We are investigating an issue on an api on Azure connecting to Azure Redis Cache (tier C2 standard), since yesterday evening to today early morning (nearly 12 hours) we've seen a hundreds of timeouts to redis like this
Timeout performing GET ????????:FV:Providers:Weather, inst: 1, mgr: Inactive, err: never, queue: 318, qu: 2, qs: 316, qc: 0, wr: 1, wq: 1, in: 65536, ar: 0, clientName: Items, serverEndpoint: ?????????:6380, keyHashSlot: 1586, IOCP: (Busy=1,Free=999,Min=8,Max=1000), WORKER: (Busy=66,Free=32701,Min=300,Max=32767
During the night we don´t receive much visits but the error still until today around 9 o´clock, the items in the redis queue were up to 7000 but the traffic to our api was very low during the night.

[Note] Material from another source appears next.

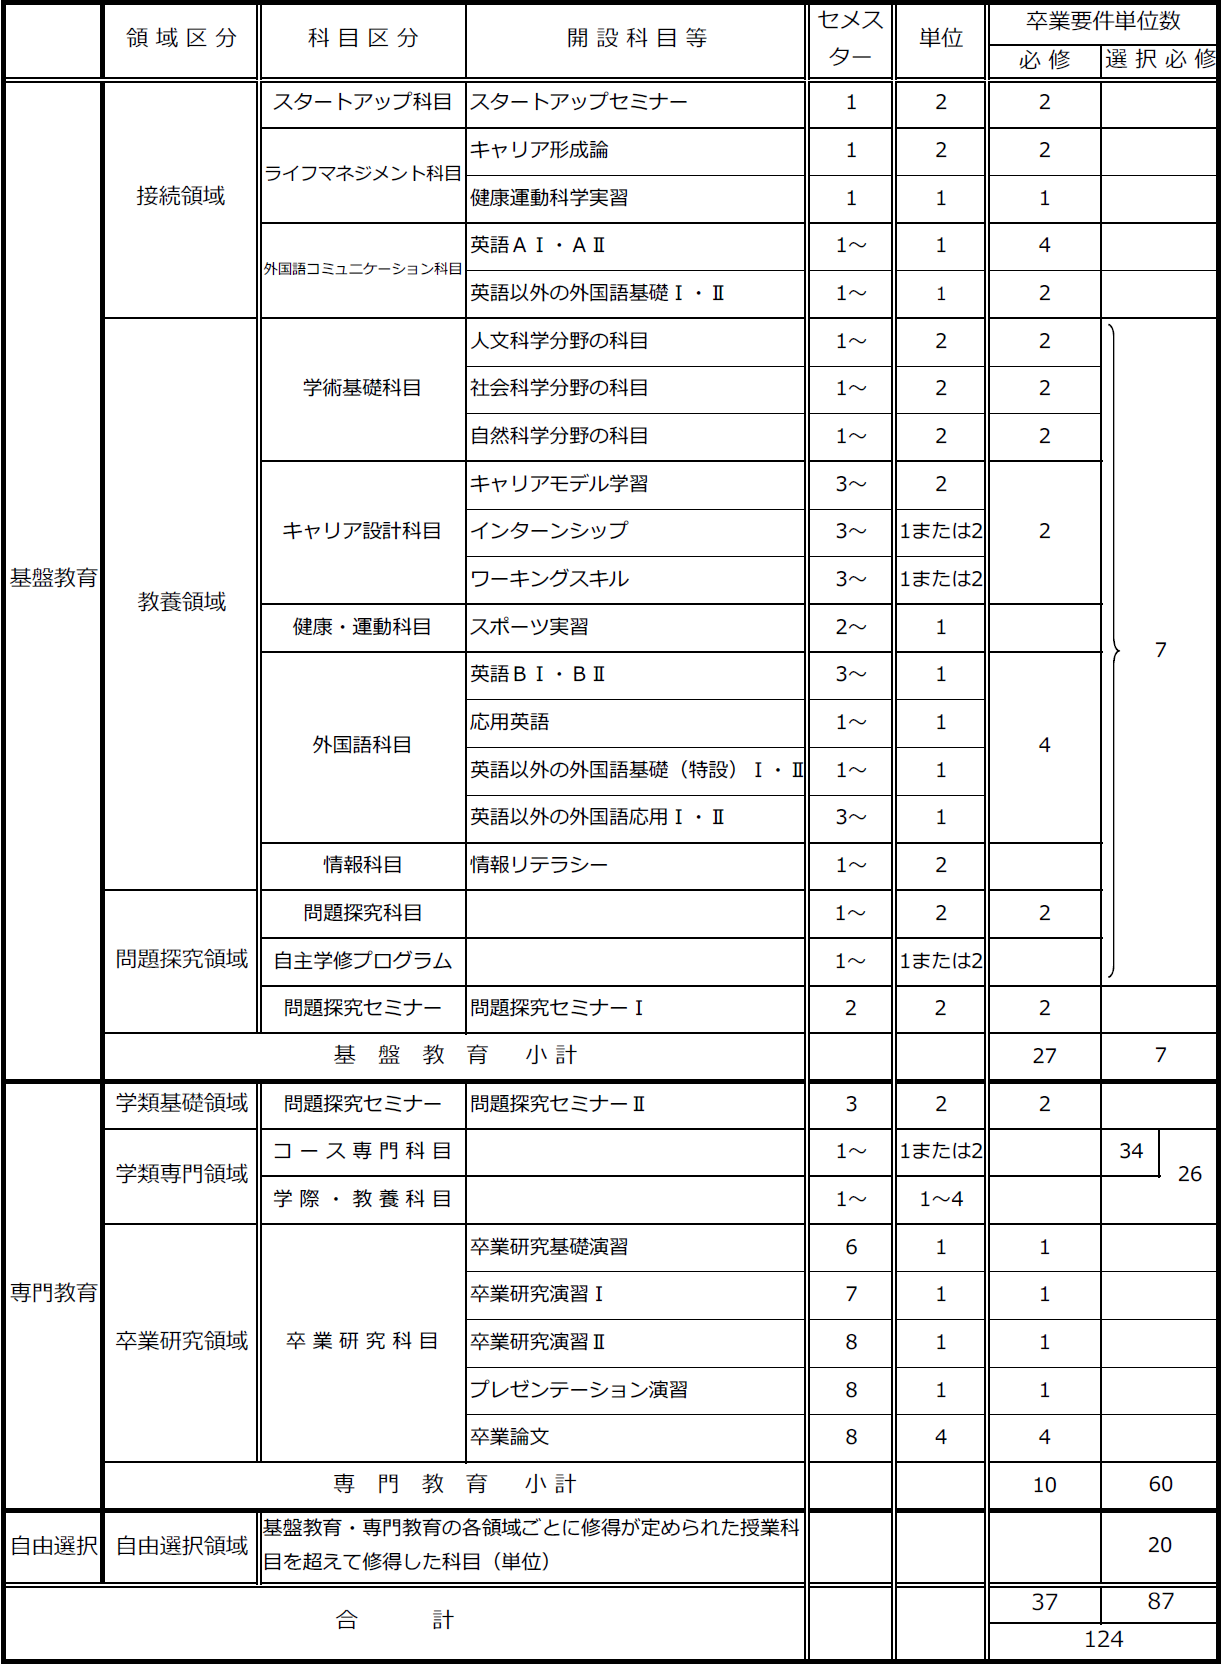 http://kyoumu.adb.fukushima-u.ac.jp/guide/2020/hdc/Files/2020/03/%E5%B1%A5%E4%BF%AE%E5%9F%BA%E6%BA%96%E8%A1%A8200331%282%29.png

During the day all was ok except this afternoon during an hour when we got a peak of visitors the problem appeared again. We´ve been looking a lot of metrics, cache read/writes operations is as usual, cache hits, cpu, memory, ... all it´s ok.
Even other API´s use the same redis cache instance and they don´t suffer this issue. For this reason we think that the size of Azure Redis it´s correct if not other API´s will suffer the same problem.
Looking at logs we discovered that just two minutes before the timeout error started we got more than 200 exceptions like this
StackExchange.Redis.RedisConnectionException: UnableToResolvePhysicalConnection on GET at StackExchange.Redis.ConnectionMultiplexer.ExecuteSyncImpl[T](Message message, ResultProcessor
1 processor, ServerEndPoint server) at StackExchange.Redis.RedisBase.ExecuteSync[T](Message message, ResultProcessor
1 processor, ServerEndPoint server) at StackExchange.Redis.RedisDatabase.StringGet(RedisKey key, CommandFlags flags)
We guess that the two errors are related. But we don´t know if we are doing something wrong or it was an azure problem. May be StackExchange.Redis connection was corrupted after UnableToResolvePhysicalConnection exception and we have to restart API to solve the problem?
Other ideas?
Thanks for your help!